■ **Instructions for the task**: Set down the data below word for word, and leave the images aside.

■ **Dataset excerpt**:
####################

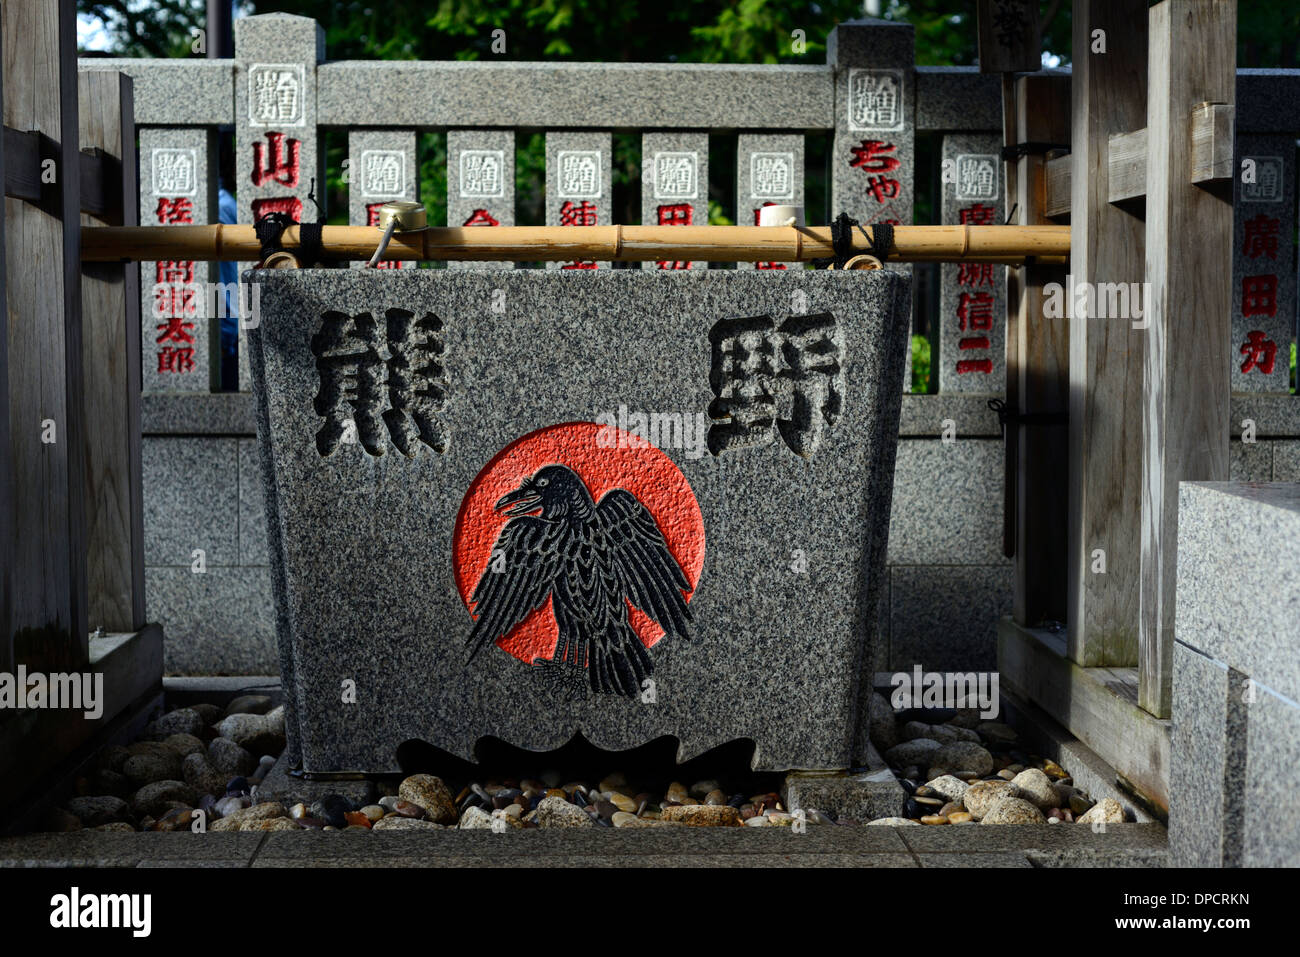 Rouge et noir symbole symbolisme bouddhiste temple zozoji crow Tokyo Japon culture japonaise chōzuya temizuya bassin rempli d'eau Banque D'Images
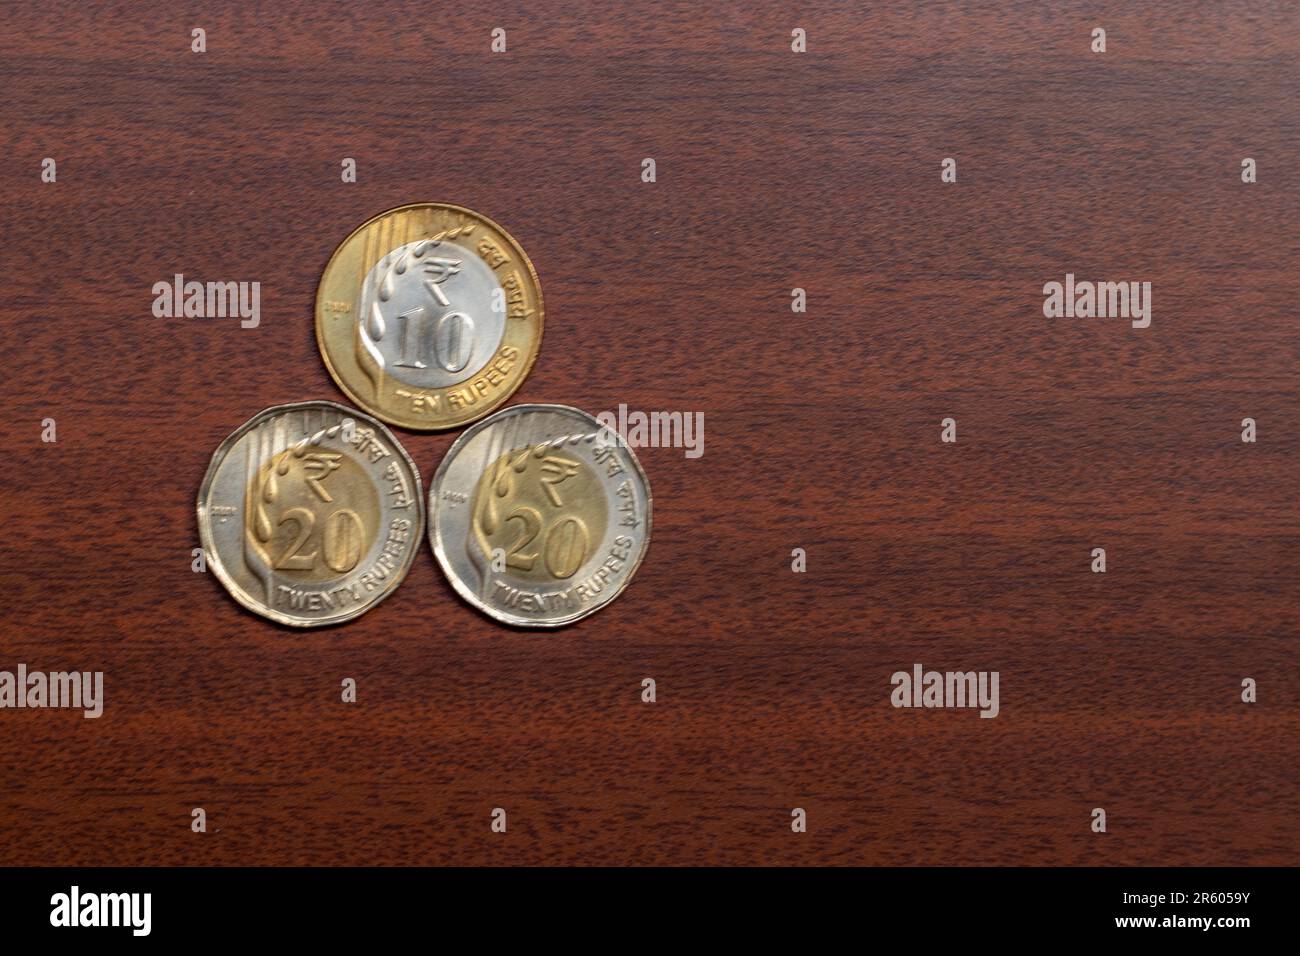 50 roupies de pièces en monnaie indienne Banque D'Images
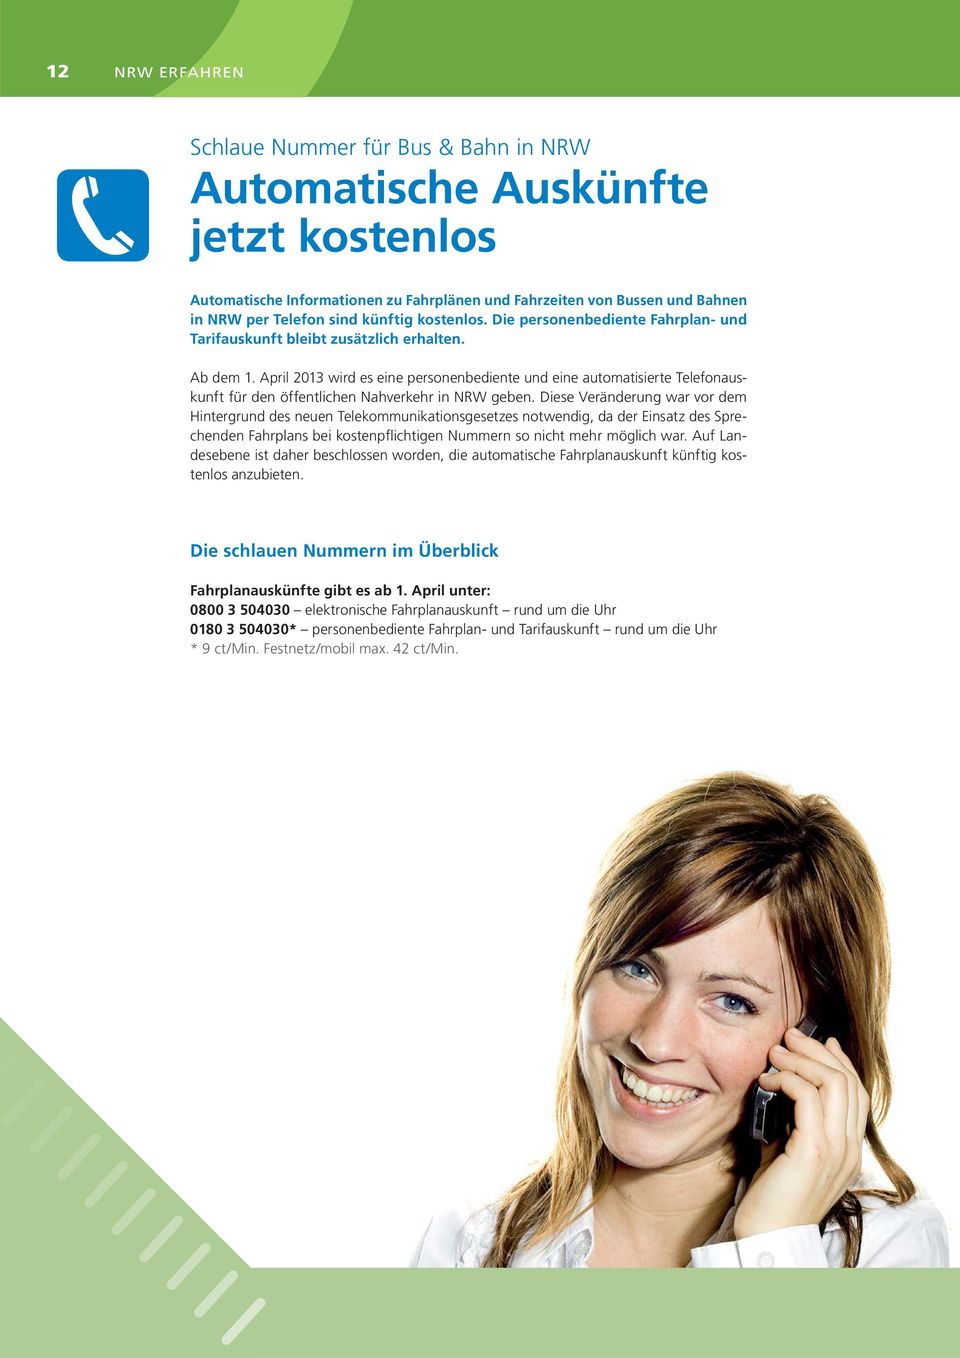 April 2013 wird es eine personenbediente und eine automatisierte Telefonauskunft für den öffentlichen Nahverkehr in NRW geben.

####################

■ **Completed exercise**:
 Rouge et noir symbole symbolisme bouddhiste temple zozoji crow Tokyo Japon culture japonaise chōzuya temizuya bassin rempli d'eau Banque D'Images
 50 roupies de pièces en monnaie indienne Banque D'Images
 April 2013 wird es eine personenbediente und eine automatisierte Telefonauskunft für den öffentlichen Nahverkehr in NRW geben.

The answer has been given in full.